China’s white paper on the Taiwan question stands in
direct contradiction to U.S. policy which has consistently
backed a ‘peaceful resolution’ to the Taiwan issue and which
premises the U.S. policy of engagement with China on this
‘peaceful resolution’ principle..
“Check
the Chinese document,” Chen said, “and you will look in vain
for any mention of the governing law of the land in the United
States, the Taiwan Relations Act. Check the historical
record and you will understand why China only wants to trumpet
the Three Joint US-China Communiques. Clearly the China
does not understand the depth and subtlety of the U.S. position
concerning Taiwan.”
When President
Carter decided to derecognize Taiwan in 1979, he sent Congress
legislation designed to continue unofficial relations with
Taiwan. Congress found it wanting and wrote serious
peace and security provisions into what became The Taiwan
Relations Act.
As the
Senate TRA Conference Report states, “[T]he bill as submitted
by the Administration contained no references to the interests
of the United States in Taiwan’s security, and lacked any
reference to the sale of defensive arms to Taiwan….The language
eventually approved was designed to make clear to the PRC
that its new relationship with the United States would be
seriously endangered if it resorted to force in an attempt
to bring about the unification of Taiwan with the mainland.”
The Reagan
Presidential Statement on Issuance of the U.S.-PRC Communiqué
of August 17, 1982 states, “Regarding future U.S. arms sales
to Taiwan, our policy, set forth clearly in the communiqué,
is fully consistent with the Taiwan Relations Act. Arms
sales will continue in accordance with the Act and with the
full expectation that the approach of the Chinese government
to the resolution of the Taiwan issue will continue to be
peaceful. We attach great significance to the Chinese
statement in the communiqué regarding China’s “fundamental”

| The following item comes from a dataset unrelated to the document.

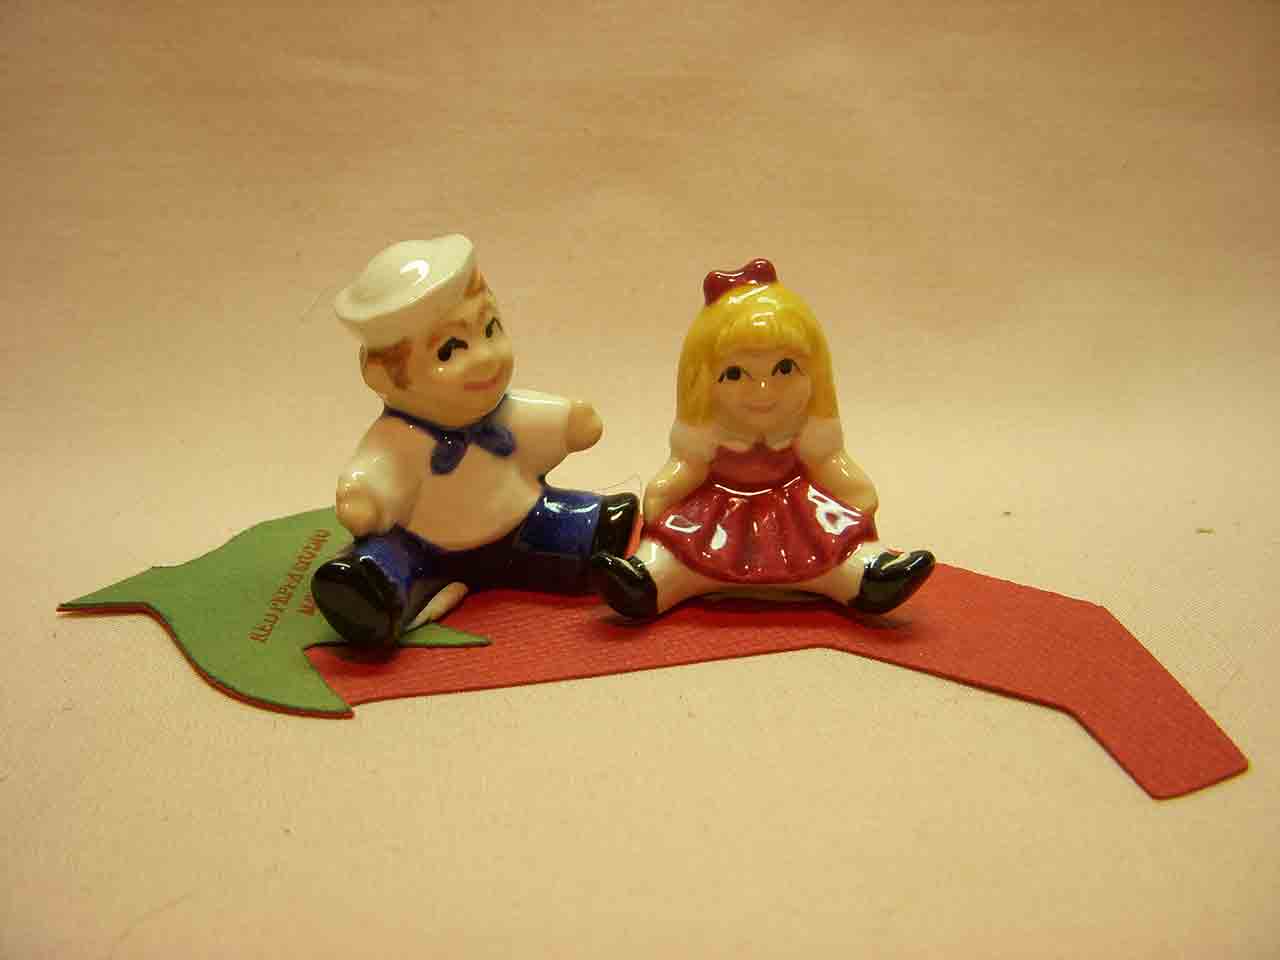 Mini sailor and girl salt and pepper shaker by Red Peppa Studio

policy; and it is clear from our statements that our future
actions will be conducted with this peaceful policy fully
in mind.”
Congress,
initially angered by the August 17th Communiqué, demanded
assurances. In his August 18, 1982 statement before
the Senate Foreign Relations Committee, John Holdridge,
then Assistant Secretary of State, told Members that the Administration
undertook the August discussions with China “with the firm
resolve that there were principles regarding the security
of Taiwan which could not be compromised - principles…embodied
in the Taiwan Relations Act.” Holdridge went on to state
unequivocally that “our future actions concerning arms sales
to Taiwan are premised on a continuation of China’s peaceful
policy toward a resolution of its differences with Taiwan.”
Asked
by Rep. Sherrod Brown (D-OH) to explain the Clinton Administration’s
“one-China policy”, the State Department replied, in early
January 2000, “ The U.S. has consistently held that resolution
of the Taiwan issue is a matter to be worked out by the people
on both sides of the Taiwan Strait themselves. Our sole
and abiding concern is that the resolution be peaceful.”
The Taiwan
Relations Act is the law of the land, having been duly passed
by both Houses of Congress and signed by the President.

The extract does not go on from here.